[Saved data entries]
* * * * * * *

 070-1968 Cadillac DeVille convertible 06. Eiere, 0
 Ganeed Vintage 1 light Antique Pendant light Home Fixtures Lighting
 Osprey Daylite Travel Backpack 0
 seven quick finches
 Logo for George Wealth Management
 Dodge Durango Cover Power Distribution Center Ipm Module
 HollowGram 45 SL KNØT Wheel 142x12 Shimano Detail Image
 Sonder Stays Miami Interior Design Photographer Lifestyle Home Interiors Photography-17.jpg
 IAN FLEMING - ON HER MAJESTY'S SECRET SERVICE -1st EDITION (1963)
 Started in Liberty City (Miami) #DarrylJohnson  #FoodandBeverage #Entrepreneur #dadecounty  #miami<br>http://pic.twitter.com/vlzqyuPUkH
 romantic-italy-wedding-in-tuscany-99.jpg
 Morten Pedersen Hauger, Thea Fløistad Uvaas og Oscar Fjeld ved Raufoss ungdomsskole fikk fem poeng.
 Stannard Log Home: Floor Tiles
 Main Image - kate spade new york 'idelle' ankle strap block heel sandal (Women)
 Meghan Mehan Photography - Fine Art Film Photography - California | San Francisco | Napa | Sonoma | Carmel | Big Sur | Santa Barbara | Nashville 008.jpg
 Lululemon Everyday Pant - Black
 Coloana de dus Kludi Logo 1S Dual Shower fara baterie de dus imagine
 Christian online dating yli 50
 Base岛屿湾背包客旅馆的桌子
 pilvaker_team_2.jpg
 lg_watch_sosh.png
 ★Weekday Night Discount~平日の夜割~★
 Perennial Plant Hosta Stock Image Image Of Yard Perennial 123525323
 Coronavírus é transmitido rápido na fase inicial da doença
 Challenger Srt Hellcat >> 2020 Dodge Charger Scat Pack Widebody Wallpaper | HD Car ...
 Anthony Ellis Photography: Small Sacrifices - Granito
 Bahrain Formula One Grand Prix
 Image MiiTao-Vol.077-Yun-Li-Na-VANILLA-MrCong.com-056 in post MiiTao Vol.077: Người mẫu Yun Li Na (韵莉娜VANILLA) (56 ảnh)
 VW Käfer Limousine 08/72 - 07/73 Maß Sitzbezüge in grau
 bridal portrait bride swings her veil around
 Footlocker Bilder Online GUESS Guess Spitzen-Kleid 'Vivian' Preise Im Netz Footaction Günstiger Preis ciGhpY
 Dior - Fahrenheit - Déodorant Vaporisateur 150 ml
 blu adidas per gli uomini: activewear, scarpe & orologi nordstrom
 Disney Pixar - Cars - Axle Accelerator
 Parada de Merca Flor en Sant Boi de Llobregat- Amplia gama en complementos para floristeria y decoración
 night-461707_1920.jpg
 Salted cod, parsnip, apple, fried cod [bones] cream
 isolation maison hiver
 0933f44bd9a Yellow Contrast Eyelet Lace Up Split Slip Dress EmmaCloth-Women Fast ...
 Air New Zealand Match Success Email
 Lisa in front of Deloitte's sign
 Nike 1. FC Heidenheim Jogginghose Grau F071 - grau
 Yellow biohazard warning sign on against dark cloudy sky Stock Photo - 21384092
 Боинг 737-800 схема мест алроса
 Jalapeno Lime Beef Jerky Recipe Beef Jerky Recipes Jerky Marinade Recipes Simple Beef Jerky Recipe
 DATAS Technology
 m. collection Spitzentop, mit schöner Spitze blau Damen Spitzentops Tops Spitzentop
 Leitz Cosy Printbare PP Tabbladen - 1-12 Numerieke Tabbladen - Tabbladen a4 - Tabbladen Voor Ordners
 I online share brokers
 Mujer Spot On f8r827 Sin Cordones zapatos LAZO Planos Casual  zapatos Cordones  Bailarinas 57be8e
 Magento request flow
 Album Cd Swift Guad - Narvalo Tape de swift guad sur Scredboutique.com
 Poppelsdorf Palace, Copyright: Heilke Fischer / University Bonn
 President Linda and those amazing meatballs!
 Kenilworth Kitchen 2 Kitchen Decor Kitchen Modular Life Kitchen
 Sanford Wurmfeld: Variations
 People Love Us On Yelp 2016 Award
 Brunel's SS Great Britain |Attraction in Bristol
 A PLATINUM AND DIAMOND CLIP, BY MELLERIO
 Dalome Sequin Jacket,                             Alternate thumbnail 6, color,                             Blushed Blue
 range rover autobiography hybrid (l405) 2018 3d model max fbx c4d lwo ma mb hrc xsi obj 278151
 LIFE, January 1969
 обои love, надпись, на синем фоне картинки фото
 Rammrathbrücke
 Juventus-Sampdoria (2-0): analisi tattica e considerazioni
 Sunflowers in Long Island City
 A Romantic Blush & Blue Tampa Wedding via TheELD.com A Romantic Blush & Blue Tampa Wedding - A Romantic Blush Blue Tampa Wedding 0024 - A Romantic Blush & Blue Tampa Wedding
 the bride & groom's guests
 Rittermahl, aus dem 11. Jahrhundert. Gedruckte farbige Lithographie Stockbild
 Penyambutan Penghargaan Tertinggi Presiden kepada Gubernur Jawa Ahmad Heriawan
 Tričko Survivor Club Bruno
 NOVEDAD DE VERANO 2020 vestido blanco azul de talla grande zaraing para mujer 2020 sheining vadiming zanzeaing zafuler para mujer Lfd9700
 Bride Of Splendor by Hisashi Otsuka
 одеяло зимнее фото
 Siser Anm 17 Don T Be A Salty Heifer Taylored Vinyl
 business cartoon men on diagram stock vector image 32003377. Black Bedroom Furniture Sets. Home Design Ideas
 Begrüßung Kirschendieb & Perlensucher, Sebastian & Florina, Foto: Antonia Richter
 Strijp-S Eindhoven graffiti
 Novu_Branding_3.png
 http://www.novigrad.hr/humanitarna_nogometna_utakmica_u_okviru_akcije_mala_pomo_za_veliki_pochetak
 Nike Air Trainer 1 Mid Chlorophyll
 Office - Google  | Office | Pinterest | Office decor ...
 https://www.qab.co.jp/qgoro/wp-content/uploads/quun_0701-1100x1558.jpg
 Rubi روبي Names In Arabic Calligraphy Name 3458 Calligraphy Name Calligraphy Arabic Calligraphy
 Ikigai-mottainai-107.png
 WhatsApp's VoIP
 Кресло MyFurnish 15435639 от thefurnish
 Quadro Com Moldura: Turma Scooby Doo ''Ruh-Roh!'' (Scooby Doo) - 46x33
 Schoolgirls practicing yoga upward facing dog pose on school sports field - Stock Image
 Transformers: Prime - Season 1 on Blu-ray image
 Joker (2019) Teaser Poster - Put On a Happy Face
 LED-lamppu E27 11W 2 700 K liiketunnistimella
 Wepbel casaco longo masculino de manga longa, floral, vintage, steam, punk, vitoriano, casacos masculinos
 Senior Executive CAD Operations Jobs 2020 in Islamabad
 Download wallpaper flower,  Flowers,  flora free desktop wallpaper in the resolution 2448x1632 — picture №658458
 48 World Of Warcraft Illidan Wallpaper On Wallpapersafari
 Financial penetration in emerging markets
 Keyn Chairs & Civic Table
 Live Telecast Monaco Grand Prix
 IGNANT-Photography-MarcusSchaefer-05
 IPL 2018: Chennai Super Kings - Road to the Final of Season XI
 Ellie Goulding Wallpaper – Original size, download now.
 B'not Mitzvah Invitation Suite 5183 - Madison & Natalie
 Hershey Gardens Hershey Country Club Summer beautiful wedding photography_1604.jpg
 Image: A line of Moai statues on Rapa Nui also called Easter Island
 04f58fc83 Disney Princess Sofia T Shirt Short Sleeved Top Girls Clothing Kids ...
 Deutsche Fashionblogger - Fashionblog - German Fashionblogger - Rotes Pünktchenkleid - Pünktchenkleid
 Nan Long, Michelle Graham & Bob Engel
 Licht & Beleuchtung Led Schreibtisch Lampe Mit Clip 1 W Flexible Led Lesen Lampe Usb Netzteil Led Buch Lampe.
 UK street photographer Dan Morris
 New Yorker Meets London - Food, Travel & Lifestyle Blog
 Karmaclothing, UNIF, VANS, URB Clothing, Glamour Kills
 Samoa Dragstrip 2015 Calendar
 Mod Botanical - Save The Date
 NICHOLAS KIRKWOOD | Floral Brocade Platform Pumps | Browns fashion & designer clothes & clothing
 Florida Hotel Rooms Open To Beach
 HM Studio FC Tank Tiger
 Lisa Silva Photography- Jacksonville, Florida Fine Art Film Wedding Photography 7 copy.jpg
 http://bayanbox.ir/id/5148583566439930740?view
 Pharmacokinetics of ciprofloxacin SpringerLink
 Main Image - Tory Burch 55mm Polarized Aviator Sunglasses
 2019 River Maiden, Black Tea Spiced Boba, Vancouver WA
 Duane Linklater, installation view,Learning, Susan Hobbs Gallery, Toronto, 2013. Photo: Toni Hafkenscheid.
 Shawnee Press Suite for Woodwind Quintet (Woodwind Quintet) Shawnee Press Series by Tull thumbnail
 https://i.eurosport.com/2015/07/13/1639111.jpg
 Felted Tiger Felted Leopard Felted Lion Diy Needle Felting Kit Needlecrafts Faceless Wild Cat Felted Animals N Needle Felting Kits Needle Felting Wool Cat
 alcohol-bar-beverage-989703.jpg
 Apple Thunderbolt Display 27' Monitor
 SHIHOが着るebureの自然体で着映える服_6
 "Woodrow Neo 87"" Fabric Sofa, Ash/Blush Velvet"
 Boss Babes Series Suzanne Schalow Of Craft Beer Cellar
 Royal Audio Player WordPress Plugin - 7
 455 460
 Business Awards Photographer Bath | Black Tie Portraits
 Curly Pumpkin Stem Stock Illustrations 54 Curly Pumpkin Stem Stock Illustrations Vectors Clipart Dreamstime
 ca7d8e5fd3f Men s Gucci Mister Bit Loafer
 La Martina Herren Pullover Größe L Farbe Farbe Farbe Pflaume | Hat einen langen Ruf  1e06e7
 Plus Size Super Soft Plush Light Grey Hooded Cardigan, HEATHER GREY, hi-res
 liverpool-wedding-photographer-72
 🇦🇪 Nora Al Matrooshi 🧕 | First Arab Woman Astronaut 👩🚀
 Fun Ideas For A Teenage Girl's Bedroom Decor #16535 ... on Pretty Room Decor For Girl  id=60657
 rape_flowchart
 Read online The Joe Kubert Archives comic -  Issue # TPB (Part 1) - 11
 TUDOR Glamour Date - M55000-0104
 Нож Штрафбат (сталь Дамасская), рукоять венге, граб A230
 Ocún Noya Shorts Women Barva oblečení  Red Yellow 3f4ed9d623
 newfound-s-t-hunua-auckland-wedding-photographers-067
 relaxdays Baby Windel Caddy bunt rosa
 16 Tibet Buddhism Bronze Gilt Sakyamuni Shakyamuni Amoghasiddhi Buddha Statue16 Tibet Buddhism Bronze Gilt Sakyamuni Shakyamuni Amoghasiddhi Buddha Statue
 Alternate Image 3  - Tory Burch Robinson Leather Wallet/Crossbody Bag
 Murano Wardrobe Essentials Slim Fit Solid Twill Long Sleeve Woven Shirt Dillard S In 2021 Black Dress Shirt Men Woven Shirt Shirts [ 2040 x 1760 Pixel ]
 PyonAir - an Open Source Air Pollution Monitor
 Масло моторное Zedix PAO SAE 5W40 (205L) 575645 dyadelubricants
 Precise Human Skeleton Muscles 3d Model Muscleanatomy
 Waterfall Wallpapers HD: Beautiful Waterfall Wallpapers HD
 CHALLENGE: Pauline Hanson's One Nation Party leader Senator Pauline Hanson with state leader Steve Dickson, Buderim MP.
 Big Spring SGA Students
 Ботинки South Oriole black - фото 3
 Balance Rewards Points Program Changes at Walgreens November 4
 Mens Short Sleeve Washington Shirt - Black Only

* * * * * * *

Exercise details => Working from the records above, write out verbatim only the lines from the line containing "B'not Mitzvah Invitation" through the line containing "04f58fc83 Disney Princess".

Task answer =>
 B'not Mitzvah Invitation Suite 5183 - Madison & Natalie
 Hershey Gardens Hershey Country Club Summer beautiful wedding photography_1604.jpg
 Image: A line of Moai statues on Rapa Nui also called Easter Island
 04f58fc83 Disney Princess Sofia T Shirt Short Sleeved Top Girls Clothing Kids ...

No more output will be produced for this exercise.